**Task item:** Below are some records. Print exactly the lines between the one holding "A Corn Field in Upstate New York" and the one holding "Birthday Cake Balloon", inclusive, and nothing else.

**The input:**
----

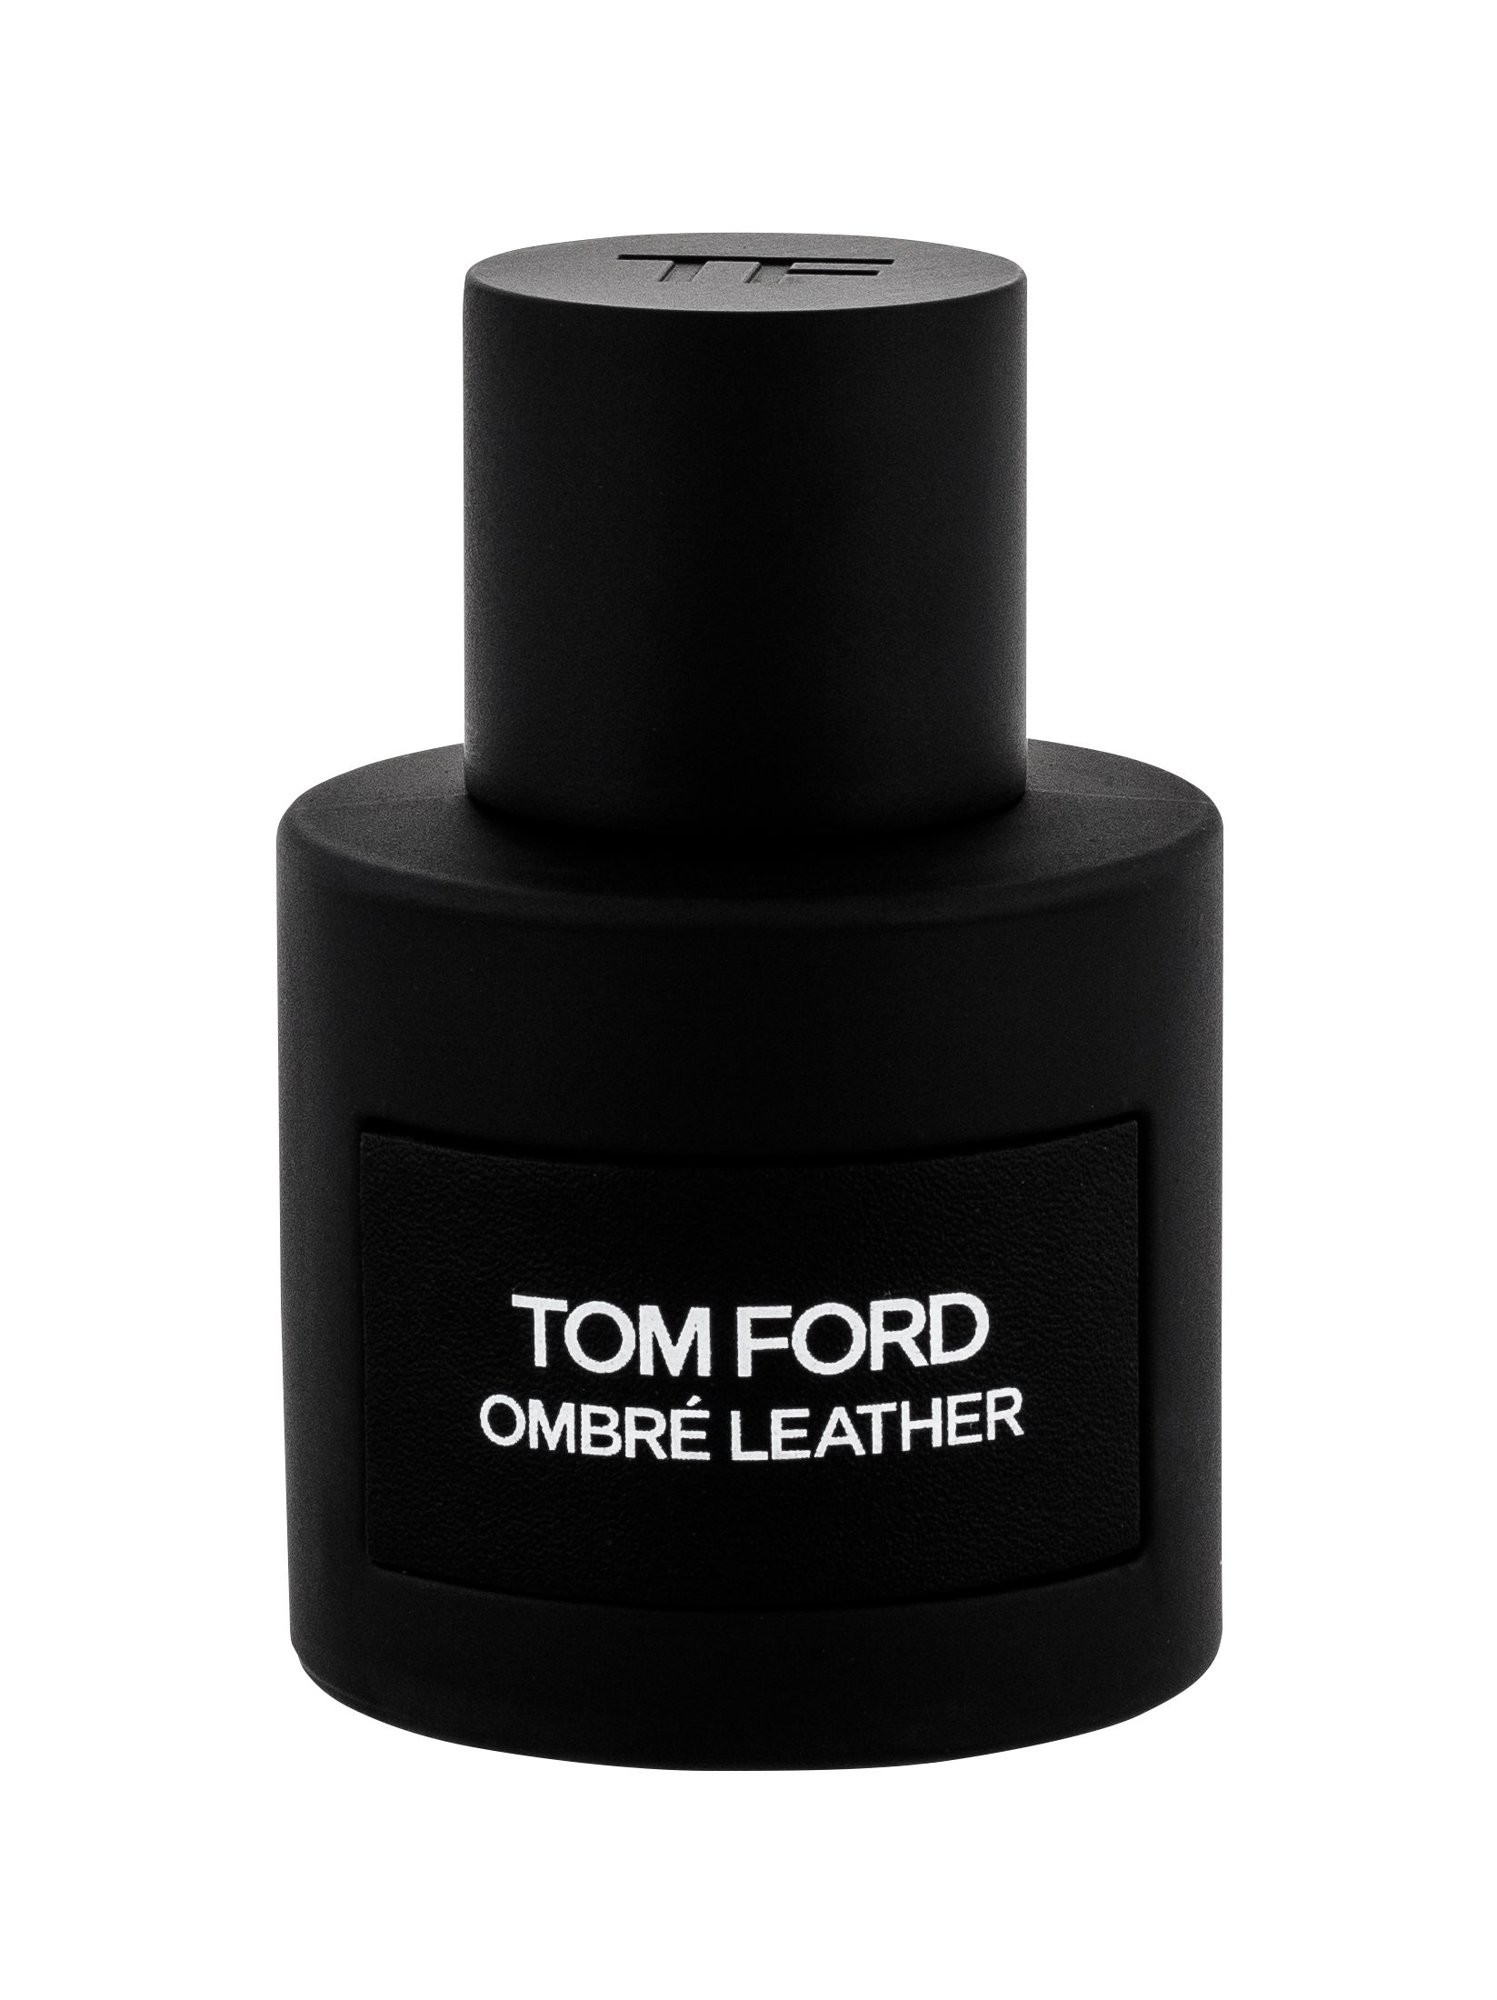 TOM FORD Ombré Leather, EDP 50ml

----

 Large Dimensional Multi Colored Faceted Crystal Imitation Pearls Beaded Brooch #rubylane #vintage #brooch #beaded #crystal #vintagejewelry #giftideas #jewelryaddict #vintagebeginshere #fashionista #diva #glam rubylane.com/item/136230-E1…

----

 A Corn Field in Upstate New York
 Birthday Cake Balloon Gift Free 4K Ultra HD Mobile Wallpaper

----

**Written response:**
 A Corn Field in Upstate New York
 Birthday Cake Balloon Gift Free 4K Ultra HD Mobile Wallpaper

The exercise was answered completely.